Alison Cheeseman and Jonah Ho

April 23, 2018

Contents

Introduction & Problem Formulation

The k-nearest neighbours (kNN) rule is one of the simplest methods of pattern classication, however when combined with prior knowledge it can yield comptetive results. The kNN rule classifies unlabeled examples by taking the majority label among its k nearest neighbours in the training set, and thus its performance depends on the distance metric used to identify the nearest neighbours. Ideally, the distance metric used for kNN classification should be chosen to suit the problem at hand, and it has been shown in recent literature that the results can be significantly improved by learning a distance metric from a set of training data.

In this paper, kNN classification is improved by learning a Mahalanobis distance metric which is optimized with the goal that the k nearest neighbours to an example always belong to the same class and examples from different classes are separated by a large margin. This approach is referred to as large margin nearest neighbour (LMNN) classification. The LMNN approach differs from previous approaches in the literature which seek to minimize pairwise distances between all similarly labeled examples.

Proposed Solution

In this section we outline the proposed solution. First, we define the model and some important notation. We let $\left\lbrace (\bar{x_i},y_i) \right\rbrace_{i=1}^n$ denote our training set of $n$ labeled examples with input features $\bar{x_i} \in \mathcal{R}^d$ and discrete labels $y_i$ and we define the binary matrix $y_{ij} \in \left\lbrace 0,1 \right\rbrace$ to indicate whether the labels $y_i$ and $y_j$ match. For each input $\bar{x_i}$ we also specify $k$ target neighbours, as the $k$ nearest neighbours (according to Euclidean distance, which share the same label $y_i$. We then define a second binary matrix, $\eta_{ij} \in \left\lbrace 0,1 \right\rbrace$ to indicate whether input $\bar{x_i}$ is a target neighbour of $\bar{x_j}$.

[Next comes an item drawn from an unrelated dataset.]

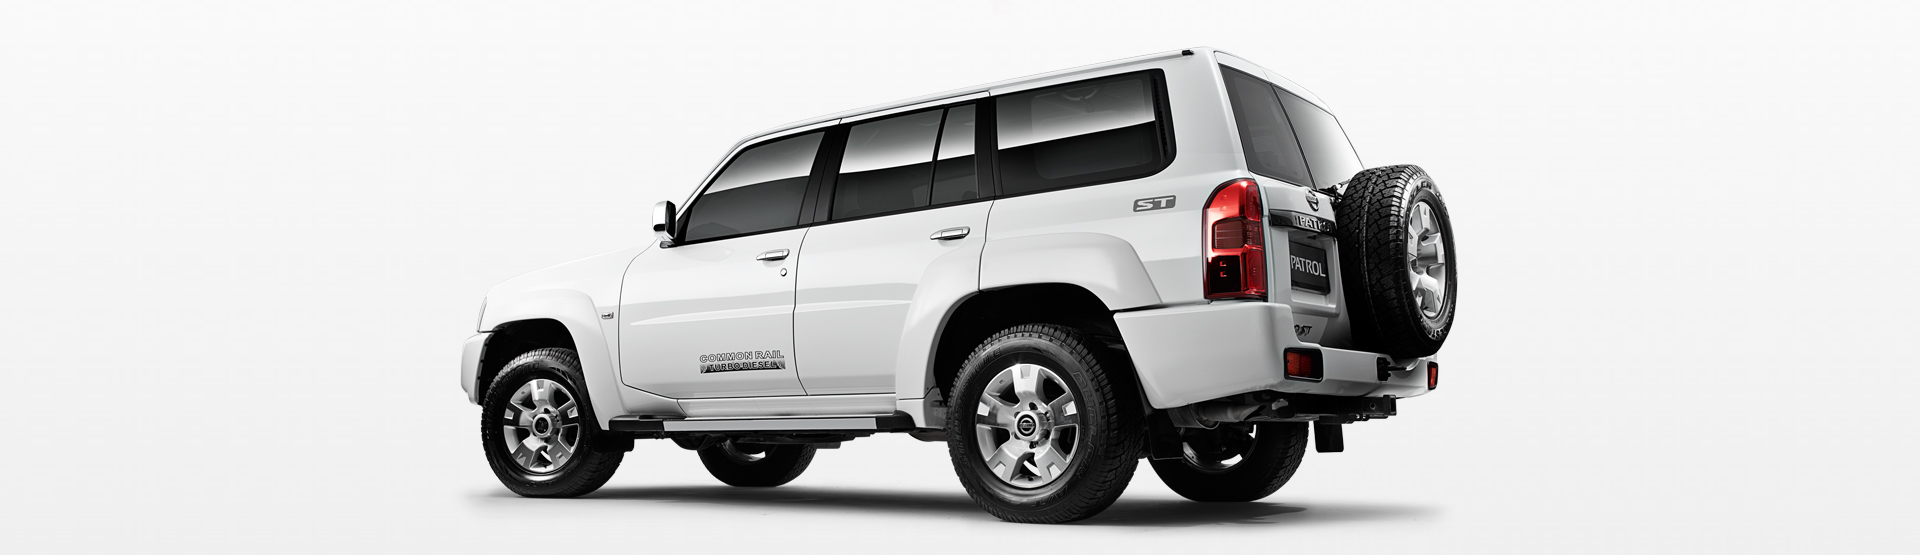 New Nissan Patrol Y61 for sale in Sunshine Coast - Sunshine Coast Nissan

The goal is then to find a linear transformation $L:\mathcal{R}^d \rightarrow \mathcal{R}^d$ which will be used to compute the squared Mahalanobis distance, as follows:

$$D(\bar{x_i},\bar{x_j})=||L(\bar{x_i}-\bar{x_j})||^2.$$

In particular, we want to learn $L$ which will optimize the performance of kNN classification using this distance metric. To do so we define a cost function with two competing terms. The first term penalizes large distances between each input and its target neighbours, while the second term penalizes small distances between each input and all other inputs which do not share it's label by way of the standard hinge loss. The cost function is given by

$$ \epsilon(L) = \sum_{ij}\eta_{ij}||L(\bar{x_i}-\bar{x_j})||^2 + c\sum_{ijl}\eta_{ij}(1-y_{il})[1 + ||L(\bar{x_i}-\bar{x_j})||^2-||L(\bar{x_i}-\bar{x_l})||^2]_+$$

where $c > 0$ is a constant which gives weight to each term and is typically set by cross validation. The minimization of the above cost function can be reformulated as a semidefinite program (SDP) by noting that

$$ D(\bar{x_i},\bar{x_j}) = (\bar{x_i}-\bar{x_j})^T M (\bar{x_i}-\bar{x_j})$$

where $M = L^T L$ is a positive semidefinite matrix. We introduce a slack variable $\xi_{ij}$ to "mimick" the hinge loss for each pair of differently labeled inputs. The resulting SDP is given by

$$\min \sum_{ij}\eta_{ij}(\bar{x_i}-\bar{x_j})^T M (\bar{x_i}-\bar{x_j}) + c\sum_{ijl}\eta_{ij}(1-y_{il})\xi_{ijl},\ subject\ to:$$

$$1.\ (\bar{x_i}-\bar{x_l})^T M (\bar{x_i}-\bar{x_l}) - (\bar{x_i}-\bar{x_j})^T M (\bar{x_i}-\bar{x_j}) \geq 1 - \xi_{ijl}$$

$$2.\ \xi_{ijl} \geq 0$$

$$3.\ M \succeq 0$$

which can be solved using most standard optimization solvers, such as CVX.

Data Sources

For our report we tested the LMNN algorithm on two data sets, all of which are publicly available at http://www.ics.uci.edu/~mlearn/MLRepository.html. The two data sets used are the "Iris" and "Wine" data sets, each of which group the data into three classes. The data was modified so that the class labels are given by $y_i \in \left\lbrace 0,1,2 \right\rbrace$. The code below stores some information about each data set so that we can load them and run the algorithm.

clc;
clear all;
close all;

fname = ["iris_modified","wine_modified"];
N_data = length(fname);
N_features = [4 13];
N_classes = [3 3];

Solution

In this section we present our code to run the LMNN algorithm and compare the results to the standard kNN classification using the Euclidean distance. We use CVX to solve for the optimal matrix $M$ which parameterizes the Mahalanobis distance. Due to time constraints we fix the parameters of the optimization to be $k=3$ and $c=1$, instead of using cross-validation as is done in the original paper.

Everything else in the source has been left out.